I'll give you my take.
How do I find out if a potential employer offers health coverage that would cover my pre-existing conditions?
As noted above this shouldn't be an issue. ACA did away with pre-ex clauses, and even before ACA, the HIPAA regs from the 90s gave full credit for meeting a pre-ex wait if covered for a minimum year with current employer.
Would a potential employer cover the medication that I need on their prescription meds plan, and at what cost to me?
Without access to the employer's health plan RX formulary, you won't know for sure. From experience, all plans I've seen will either cover the drug you mention or an equivalent. They may require yyour dependent try some other drugs (step therapy) and at least go thru prior authorization.
How do I go about researching a potential employer - would it be prior to interviews or an employment offer?
It seems to me that if you are looking at a larger employer, almost all 50+ (and most 25+) employee entities have health insurance. The outliers are those that hire lots of low wage folks: restaurants, lodging, retail, etc. If you're applying for a professional level position, almost all will offer coverage. I would make the determination based on the actual job duties and compensation, then if interested ask to review their benefit programs as part of your evaluation.
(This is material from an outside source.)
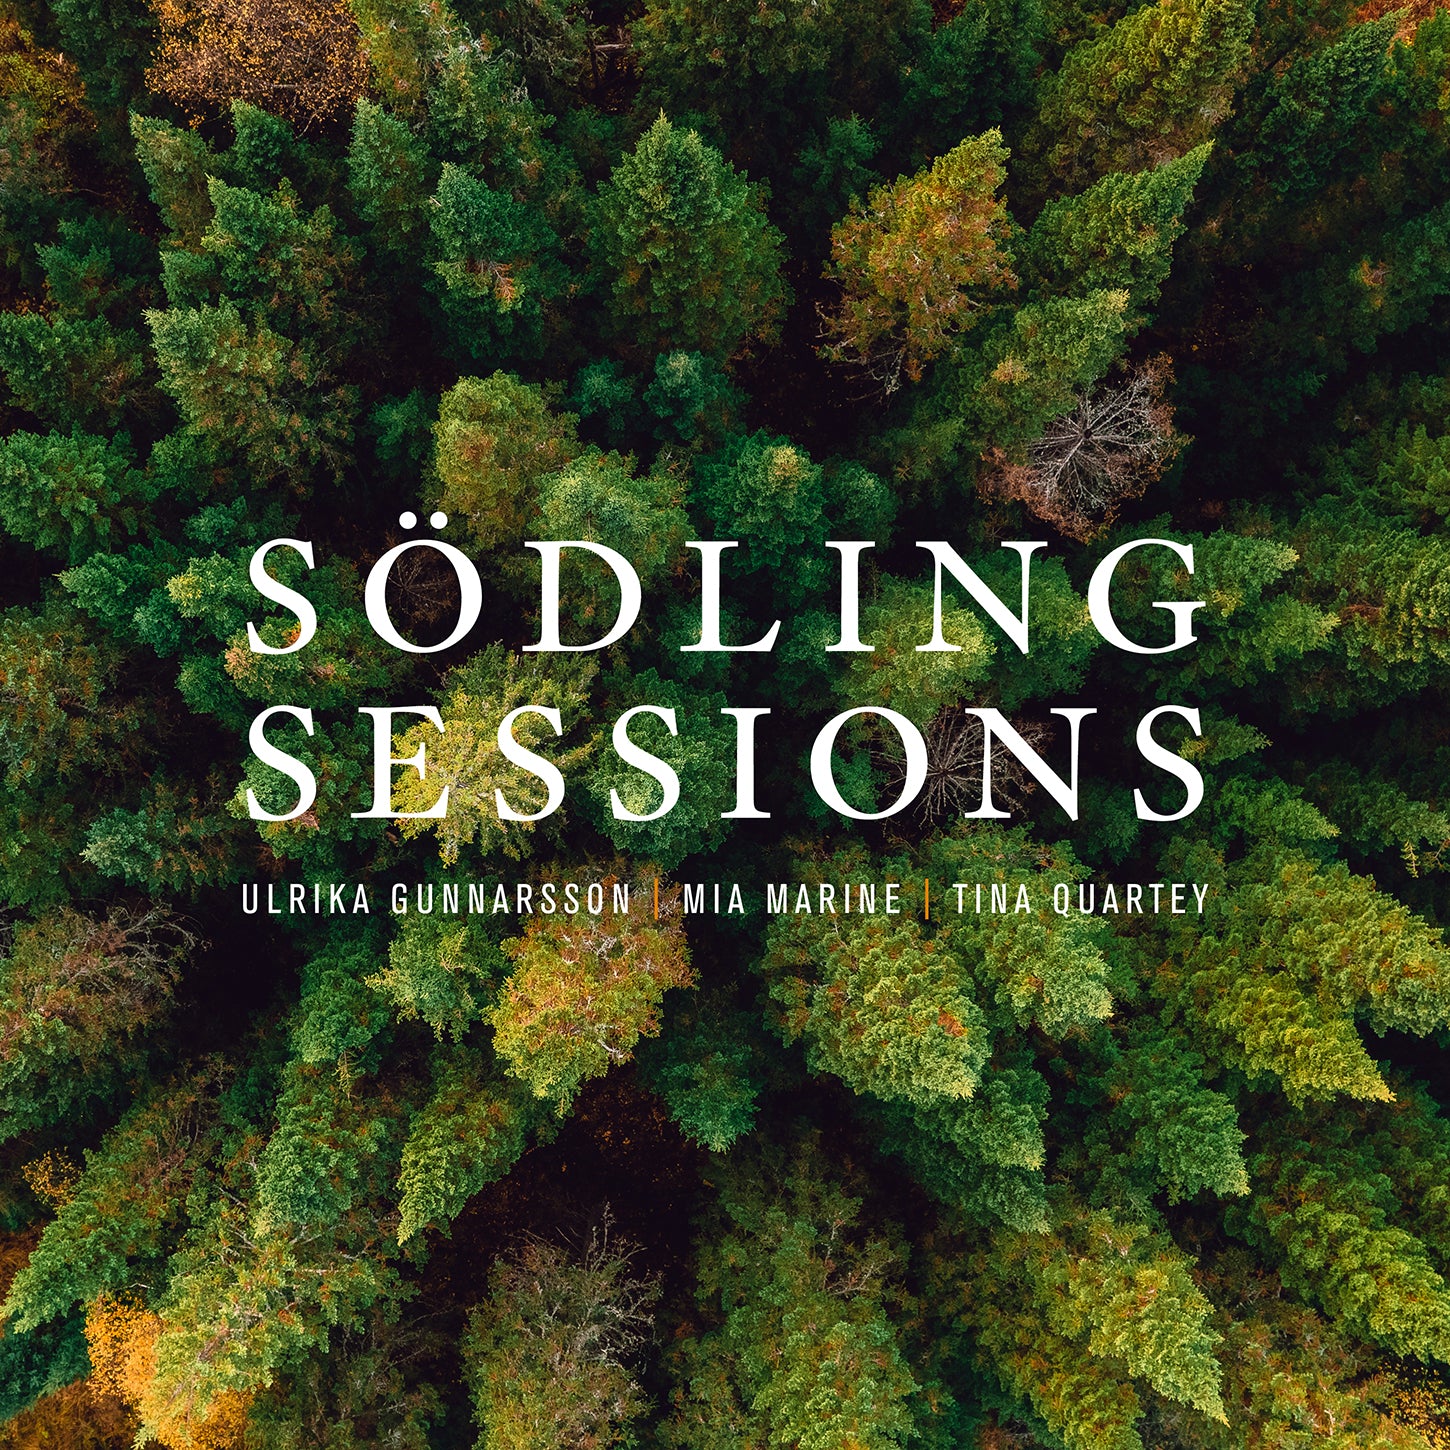 Södling Sessions - Folk Songs of Sweden / Gunnarsson, Marin, Quartey

If you find a position you really like, but it doesn't offer coverage, then calculate the cost to buy a plan through the marketplace (also guaranteed issue / no pre-ex due to ACA), and take that into consideration.
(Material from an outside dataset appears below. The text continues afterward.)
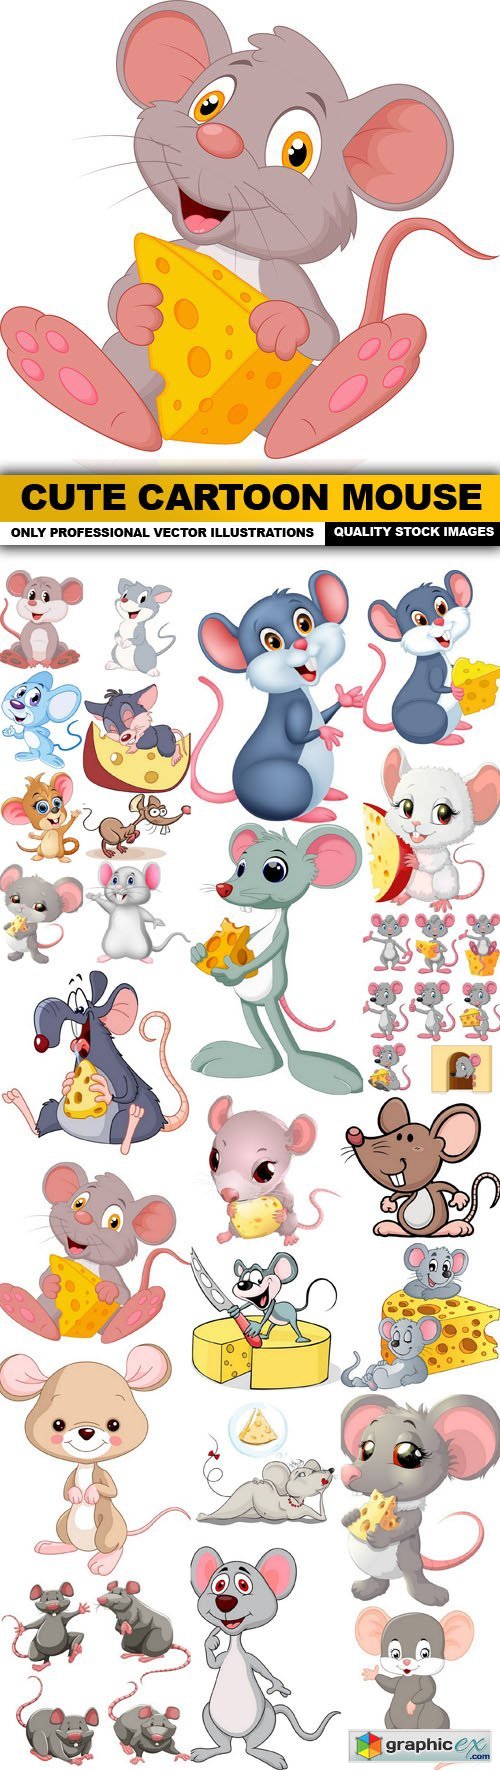 Cute Cartoon Mouse - 25 Vector

Is it even moral or ethical for me to seek employment with another company, knowing they will get huge insurance bills for my family?
You don't know if they will get huge bills or not. The type of claim you mention is common and most employers in the 50+ category will have one or two similar situations. For large employers, 150+, you would see very little impact. For the 500+ category, that is an insignificant claim.
If the employer is small (fewer than 50 employees), would the added insurance cost to cover my family bankrupt them, or force them to drop coverage?
Here is the way insurance works under ACA. In most states, the small group rules apply to employers with under 50 lives, the rest use 100 employees as the cut off. The vast majority of these employers now have community rates under the ACA, which means they are 100% pooled with other similar sized employers, and the medical costs from one employee have no impact on the employer's rates.
There are some exceptions - grandfathered plans (insurer can use past claims history in setting future rates), and small / medium size partial self-funded employers. This is a small subset, and usually limited to employers whose demographics (younger, especially younger males) will generate costs below the community rated ACA plans. Pre-ex is waived in these partial self-funded plans to be compliant with the ACA, but as noted above, when the employer shops for new coverage they may ask their employees to complete health questionaires, and the insurance company will use the info in rate setting.
Once above the 50 (or 100, depending on state) level, underwriting (medical conditions evaluation) is allowed for fully insured groups for rate setting.
Long answer short - No you won't bankrupt them. If they fall into the grandfathered or partial self-funded type, they can always go to the community rated ACA rates that most smaller employers already have.
Can my current employer decide to let me go because I cost so much to cover (current employer is very large and self-insured)?
Legally, no. In practical terms, very unlikely.